For daughter of Black trailblazer it was ‘a passion project’
The Big Ten Network (BTN) next week looks back at the “Underground Railroad of college football.” A 2018 film about the first fully-integrated college football team in America, “Through the Banks of the Red Cedar,” makes its national television premiere on BTN November 10, 7 pm CST.
Since it premiered at the Detroit Free Press Film Festival, local filmmaker Maya Washington’s film has made its rounds at colleges, universities and community groups around the country. The MSR attended a 2018 screening at the Capri on West Broadway.
Her film, which Maya calls “a passion project” that took nearly a decade to complete from start to finish, features her Texas-born father, Gene Washington. “I got excited when I learned about his history,” the daughter said after the screening.
Washington was recruited by then-Michigan State football coach Duffy Daugherty along with other Black players such as Bubba Smith, George Webster and Clinton Jones. They later formed the nucleus for the winning Spartans teams of 1965 and 1966 at the peak of the Civil Rights Movement.
Michigan State wasn’t the only Big Ten school that recruited Black players in the post-World War II years. Minnesota signed the likes of Sandy Stephens and Bobby Bell, two of the school’s all-time greats, among others, but Daugherty innovatively kept a pathway open from the Jim Crow South to mid-Michigan that was first created in the 1940s.
Asked last week during an MSR phone interview if the late Daugherty’s recruiting motives were more about integration or that he simply wanted to win football games, Maya said, “I think it was a combination of both.
“It didn’t hurt that [the Black players] were the fastest among the best Black men he could find,” she continued. “It gave [Daugherty] an advantage because other schools weren’t looking in the same place he was.”

“Red Banks” also shows the difficulties off the field that Gene Washington and his Black teammates still endured despite leaving the South, simply because of their skin color.
The country throughout the latter part of the 20th Century wrestled with change, and that struggle continues decades later in this year of deadly coronavirus, lockdowns, and racial unrest. This prompted Maya to point out that her film “is still relevant today.
“We are all trying to grapple with the same concerns, and how do we make sure that everyone has a fair shot in the world, and in this country to achieve their personal potential in athletics or in other fields,” she said.
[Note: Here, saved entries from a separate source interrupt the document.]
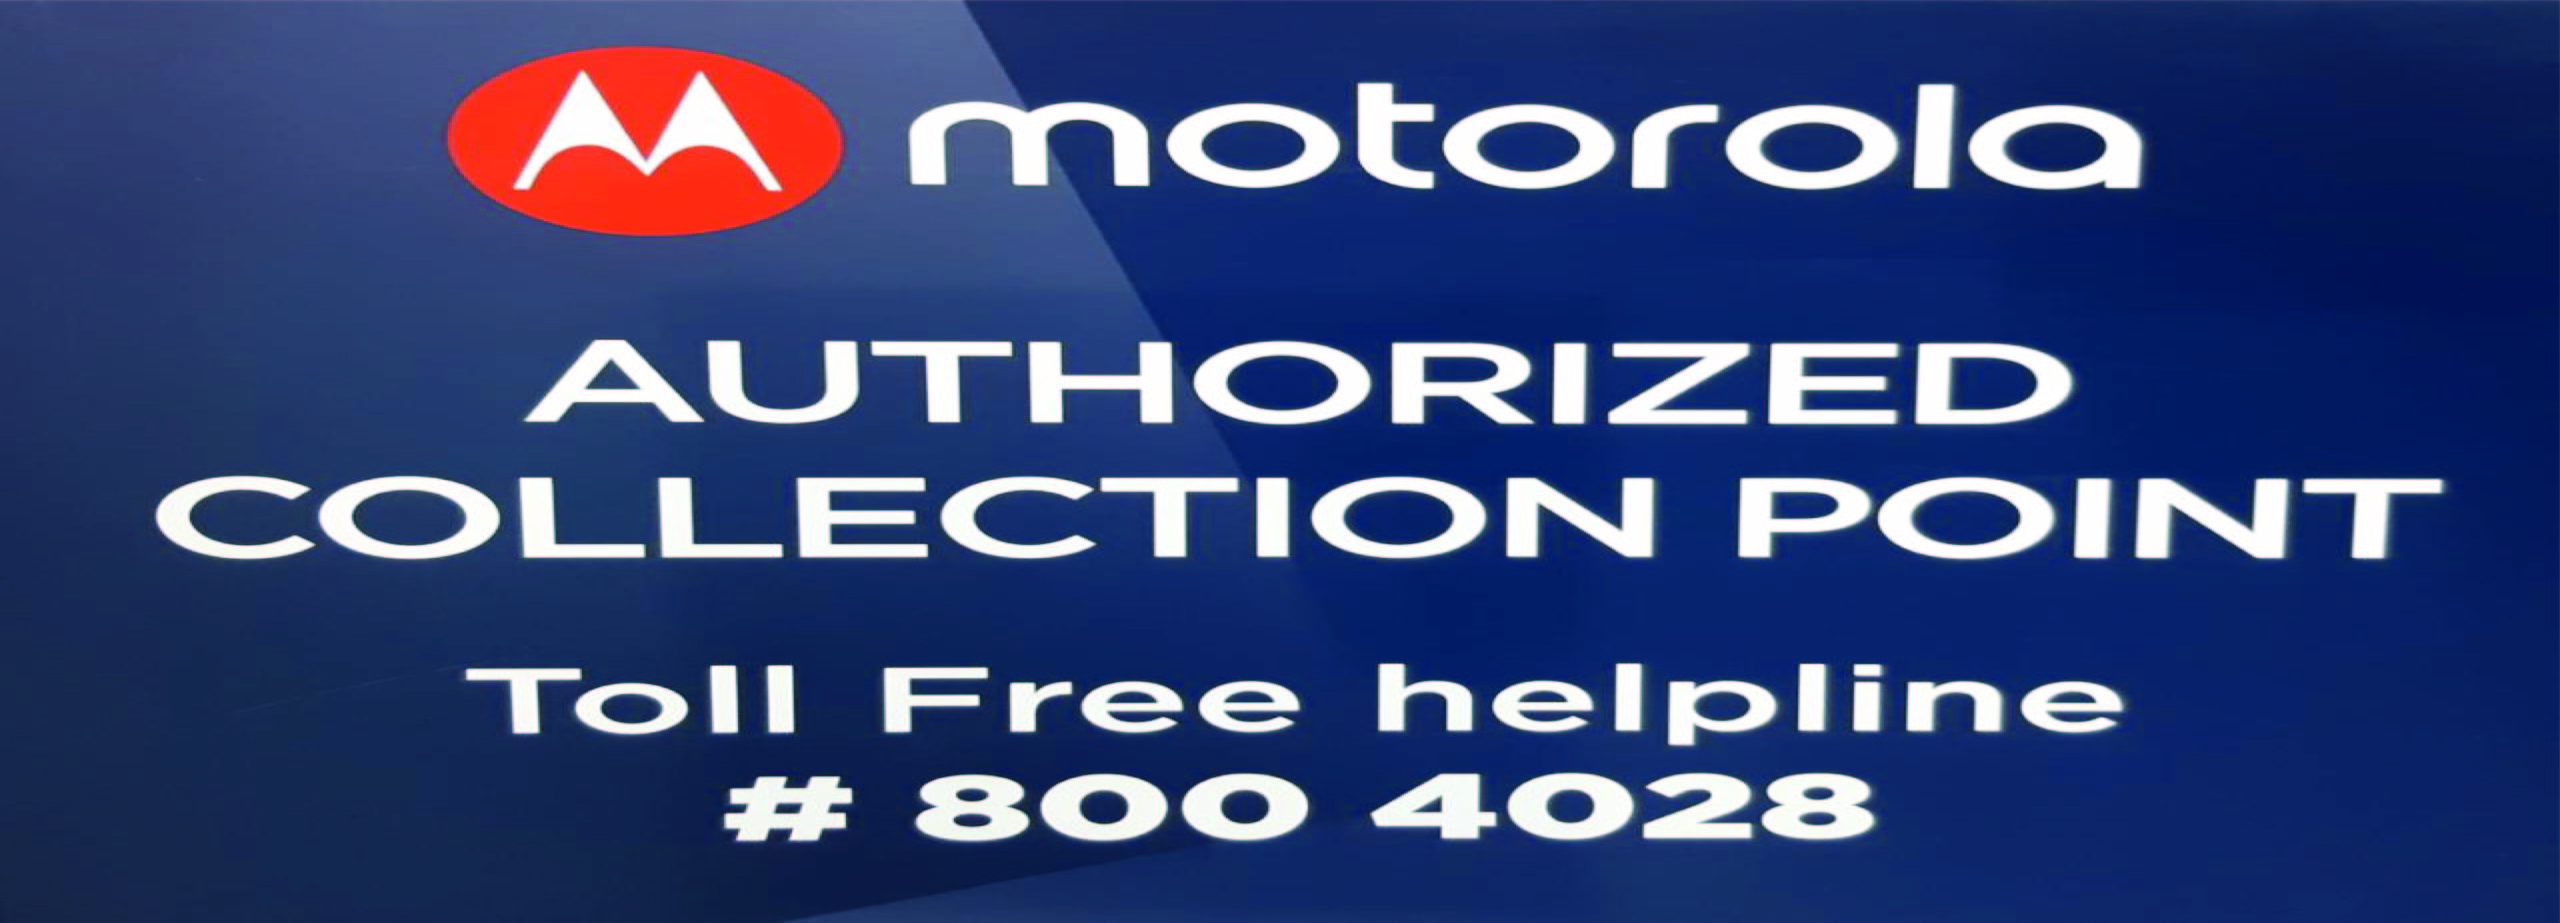 Motorola Authorized Collection Point
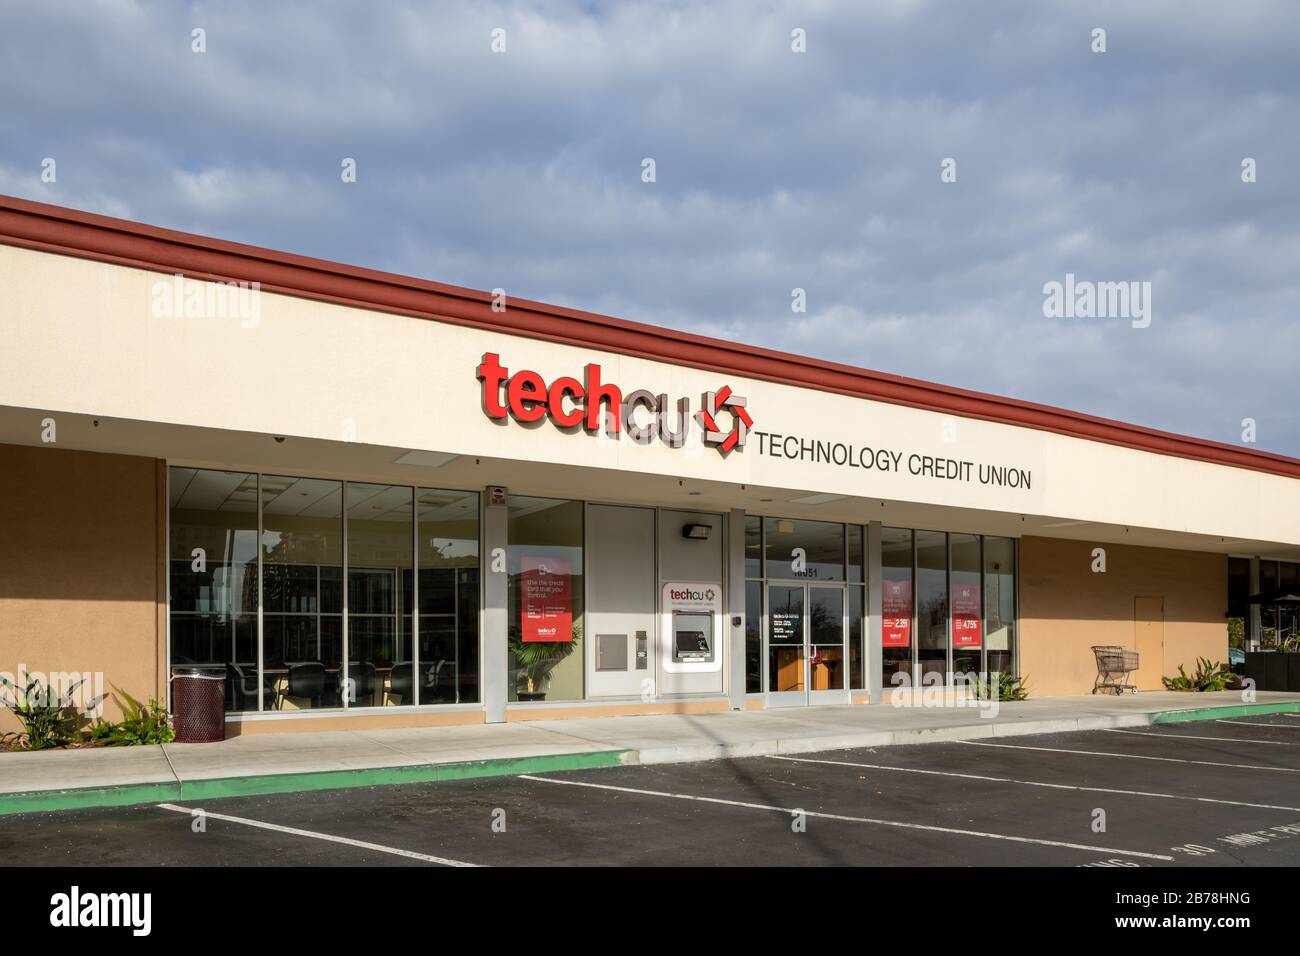 Tech CU – Technology Credit Union, Cupertino, California, USA Stock Photo
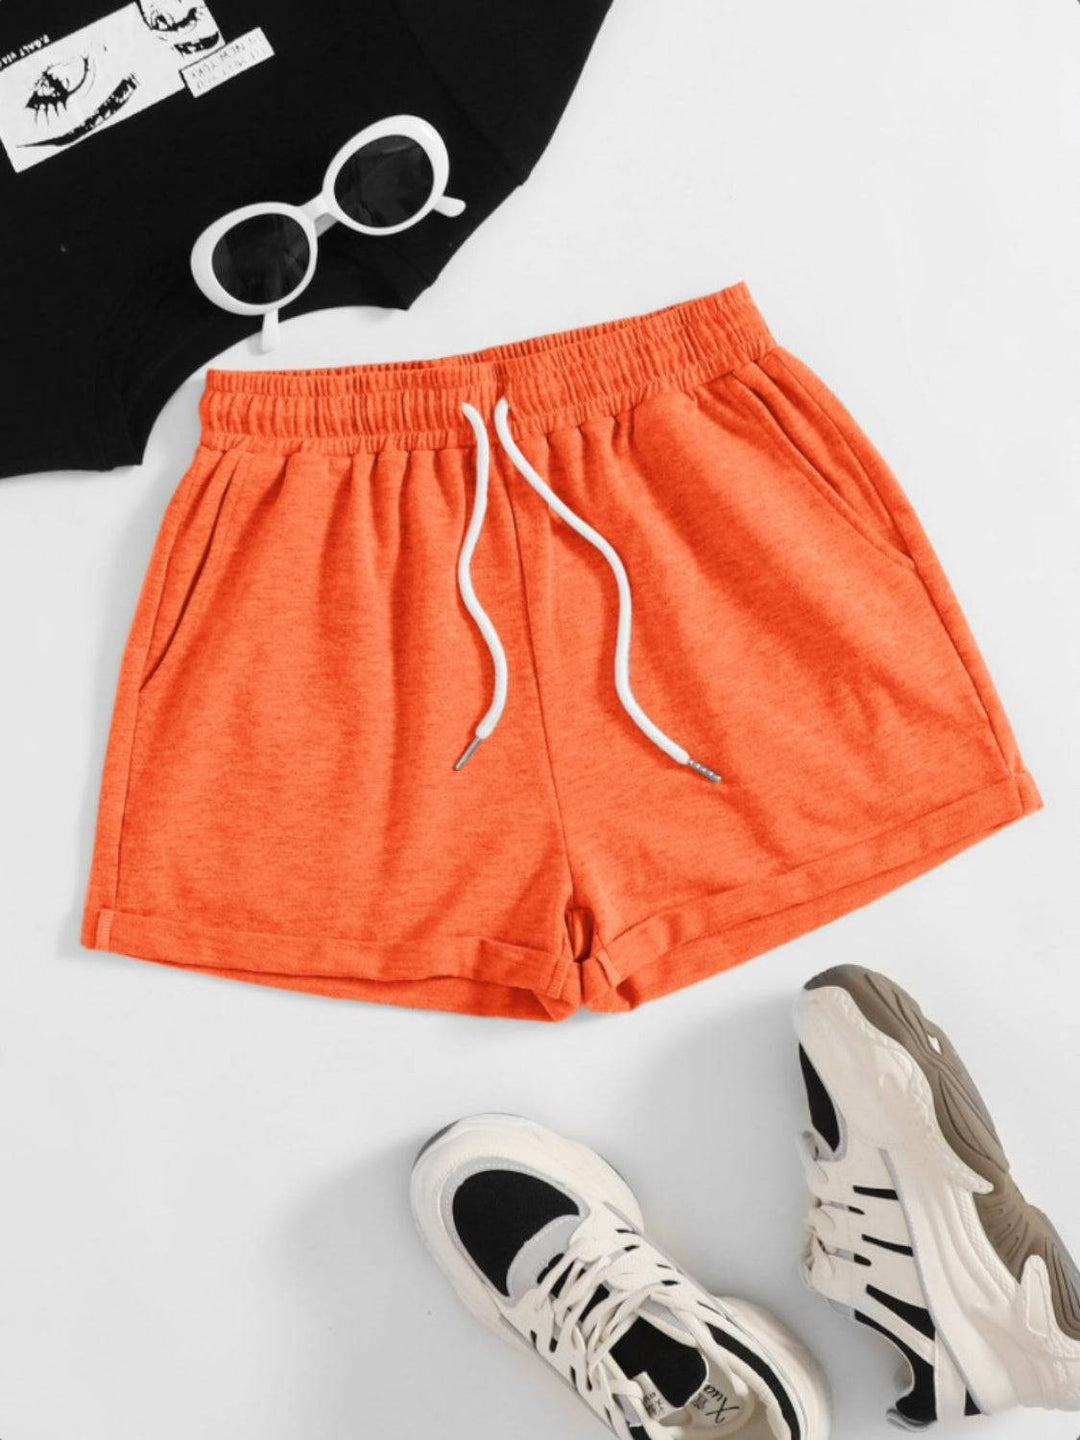 a pair of orange shorts and a black shirt
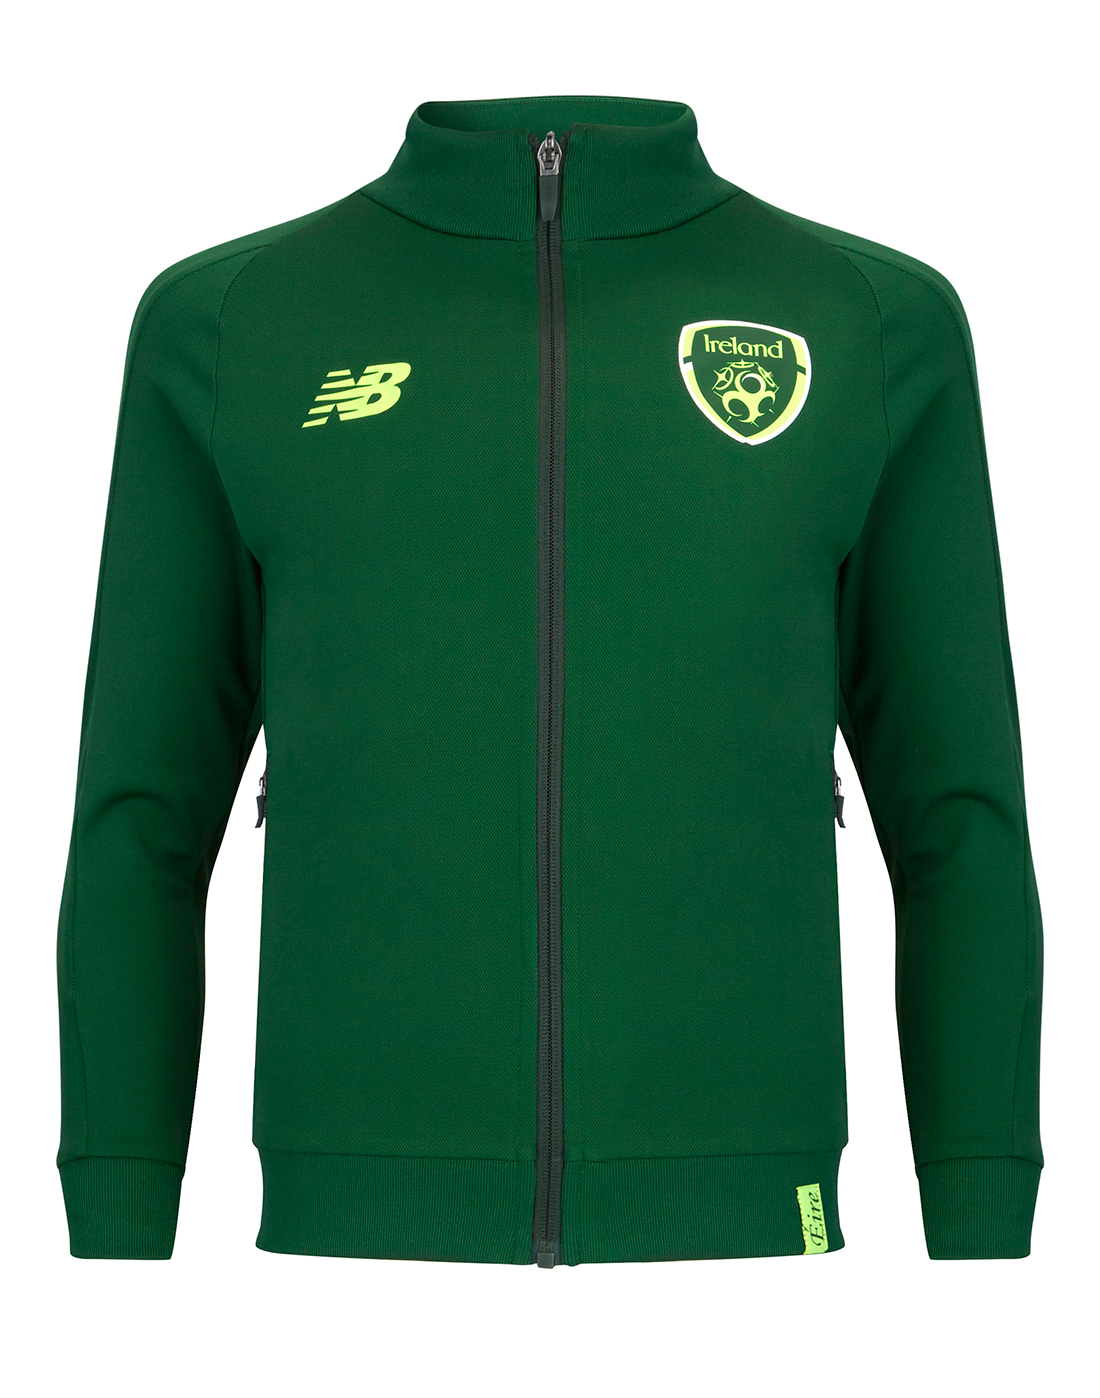 Kids Ireland Full Zip Presentation Jacket | Green | Life Style Sports

She hopes that viewers after seeing “Red Cedar” next week will be inspired to seek out more about her father’s generation. “I do think there is an urgency for all of us to not only find ways to spend time with our elders…but to be able to watch the film that really is about family, about giving back and finding your heritage, and figuring out who you are through your elders. I think it is important for us as Black people because there is a lot my dad’s generation, the Baby Boomers, have to offer.
“There are so many stories. We really need to take the time and sit down with your aunties, your uncles, parents and grandparents and just ask them what you were doing in 1963,” Maya urged. “There are so many rich stories of contributions they have made, and they’ve done it outside of the limelight.”